According to analysts and protesters alike, the highly sectarian atmosphere that day and the ensuing partisan violence were the result of efforts by political factions to use the new wave of anti-government protests in Lebanon to their advantage. Large scale cross-sectarian protests made a sudden comeback across the country on June 11, but party officials have expressed worries that rapidly rising inflation and falling standards of living in the country mean it may soon become difficult to keep a lid on future low-level clashes if political actors continue to stoke social divisions.  

“Everybody knew that on Saturday there was going to be a fight,” Ain el-Remmaneh resident Perla, who did not wish to provide her family name for security reasons, told Al-Monitor about the clashes downtown.

Ain el-Remmaneh was the site of an infamous massacre that many credit with setting off the Lebanese Civil War in 1975. 

Following a standoff between supporters of Amal and Hezbollah and protesters in downtown Beirut over the demand to liquidate Hezbollah’s weapons, the supporters of the two majority-Shiite parties stormed Ain el-Remmaneh with “around 200” motorbikes, according to Elie Hindy, the executive director of the research center for the majority-Christian Lebanese Forces party.
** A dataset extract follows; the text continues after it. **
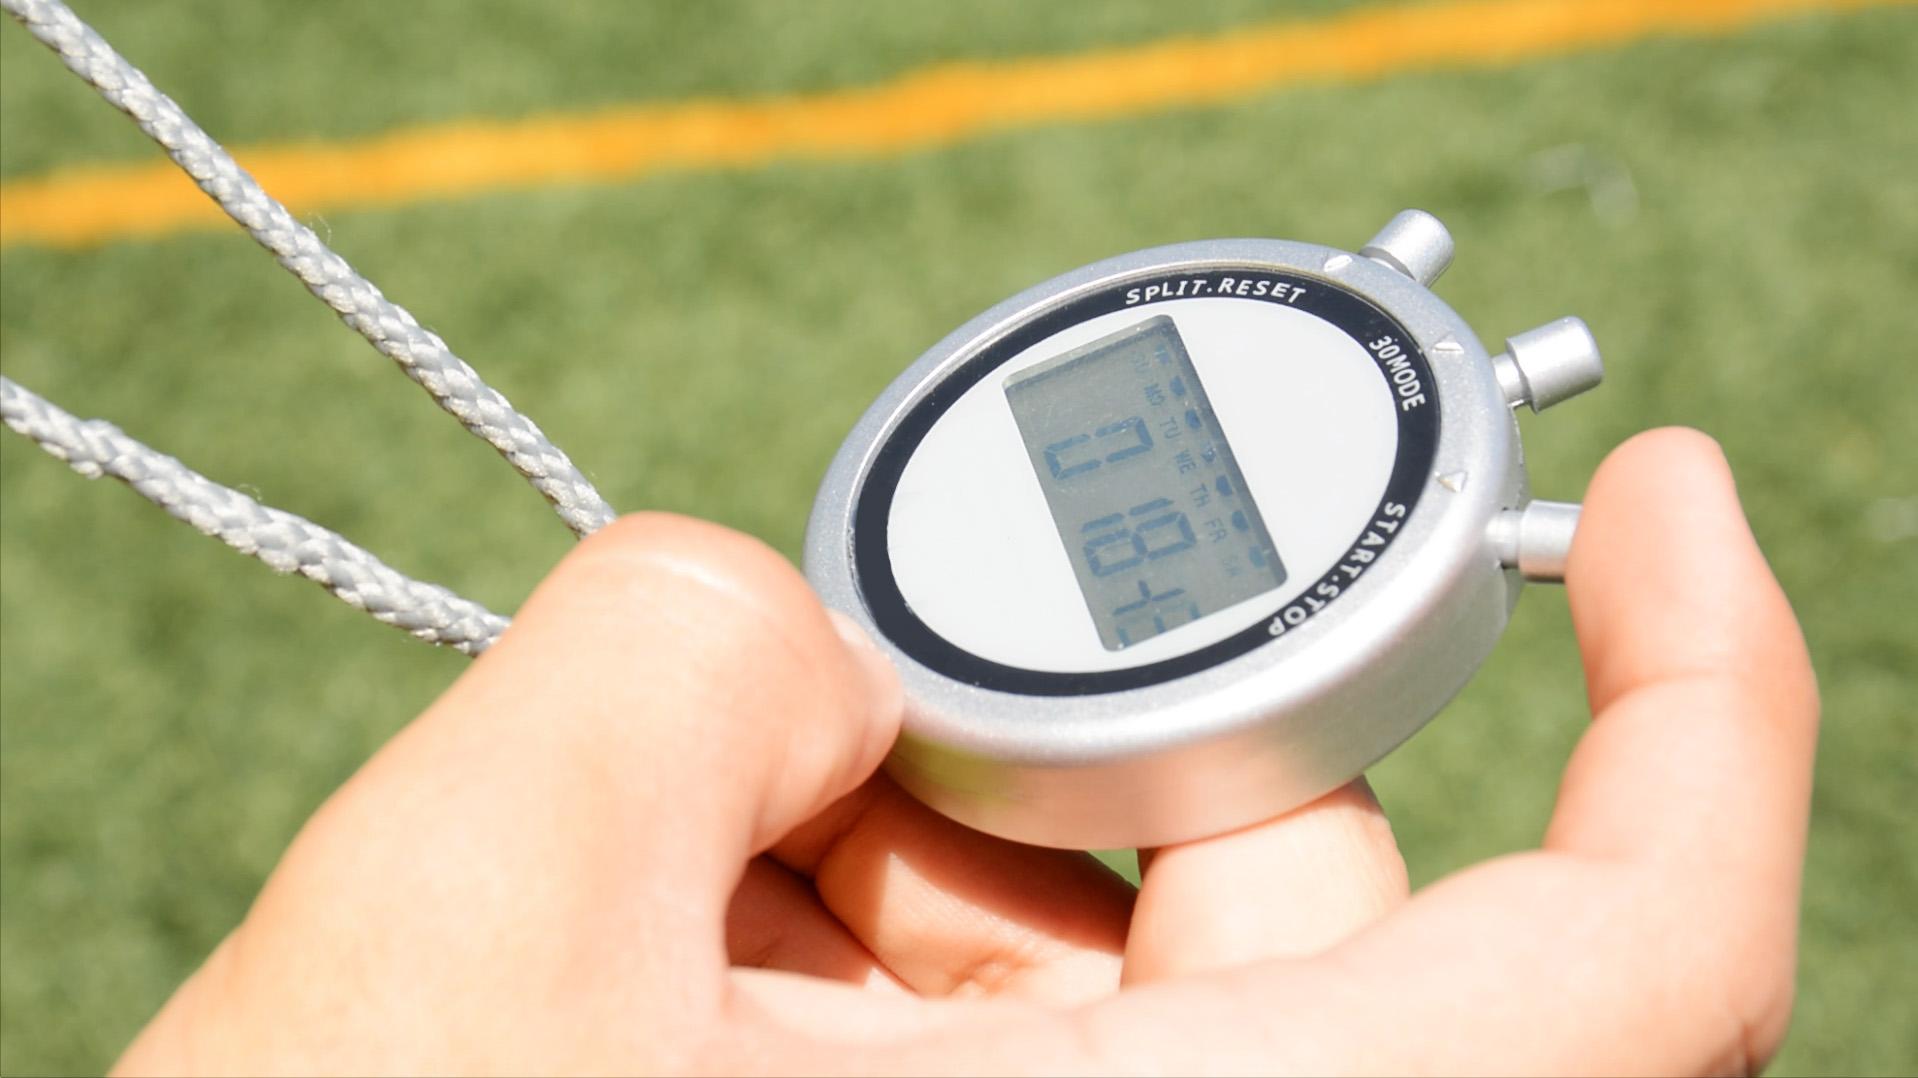 cronometro deportivo en entrenamiento

Based on information available to the party, Hindy recounted that the outsiders faced off with a group of locals, some of whom were affiliated with the Lebanese Forces, and although shots were heard in videos of the altercation, he said there was no gunfire directed at either side. 

The June 6 clashes in Ain el-Remmaneh were far from the first. Yet Perla stated that this time felt different.

“We were in the period of revolution, so people didn’t want to make it all politics,” she said. “But now you feel like the revolution has turned a bit political, so this time it was purely Lebanese Forces versus Hezbollah.”

The clashes in Corniche el-Mazraa were also not unprecedented. This time, though, the clashes between the Sunni and Shiite parties were reportedly precipitated by insults that supporters of Amal and Hezbollah had made against Ayesha, one of the Prophet Muhammad’s wives who is revered deeply by Sunnis, following the violence at the protest in downtown. Although no deaths were confirmed, the latest exchanges of gunfire reportedly left several injured

“These sectarian clashes were well designed and implemented and part of countering these protests,” Sami Nader, the director of the Levant Institute for Strategic Affairs, told Al-Monitor.  

Zeina Helou, a political activist and researcher who has been involved in Lebanese protest movements for years, told Al-Monitor that she did not feel comfortable with the call for Saturday’s demonstration for a number of reasons, including the increased role of political parties.

“I knew that many political parties were behind it and some new groups that are not very transparent,” Helou said. “I personally do not trust political parties, even those who are currently claiming they are outside the government and have joined the opposition.”

Helou also mentioned she does not support the demands of some groups within the demonstration for the implementation of the United Nations resolution mandating the disarmament of Hezbollah — a sentiment shared by some who were present at the protest in downtown.

“Some people of course feel strongly about it. However, today I do believe it’s a distraction,” protester Nadine Harb told Al-Monitor about the Hezbollah disarmament demands on June 6. “[Party loyalists] are trying to steal this protest and make it their own; they’re trying to make it political again.”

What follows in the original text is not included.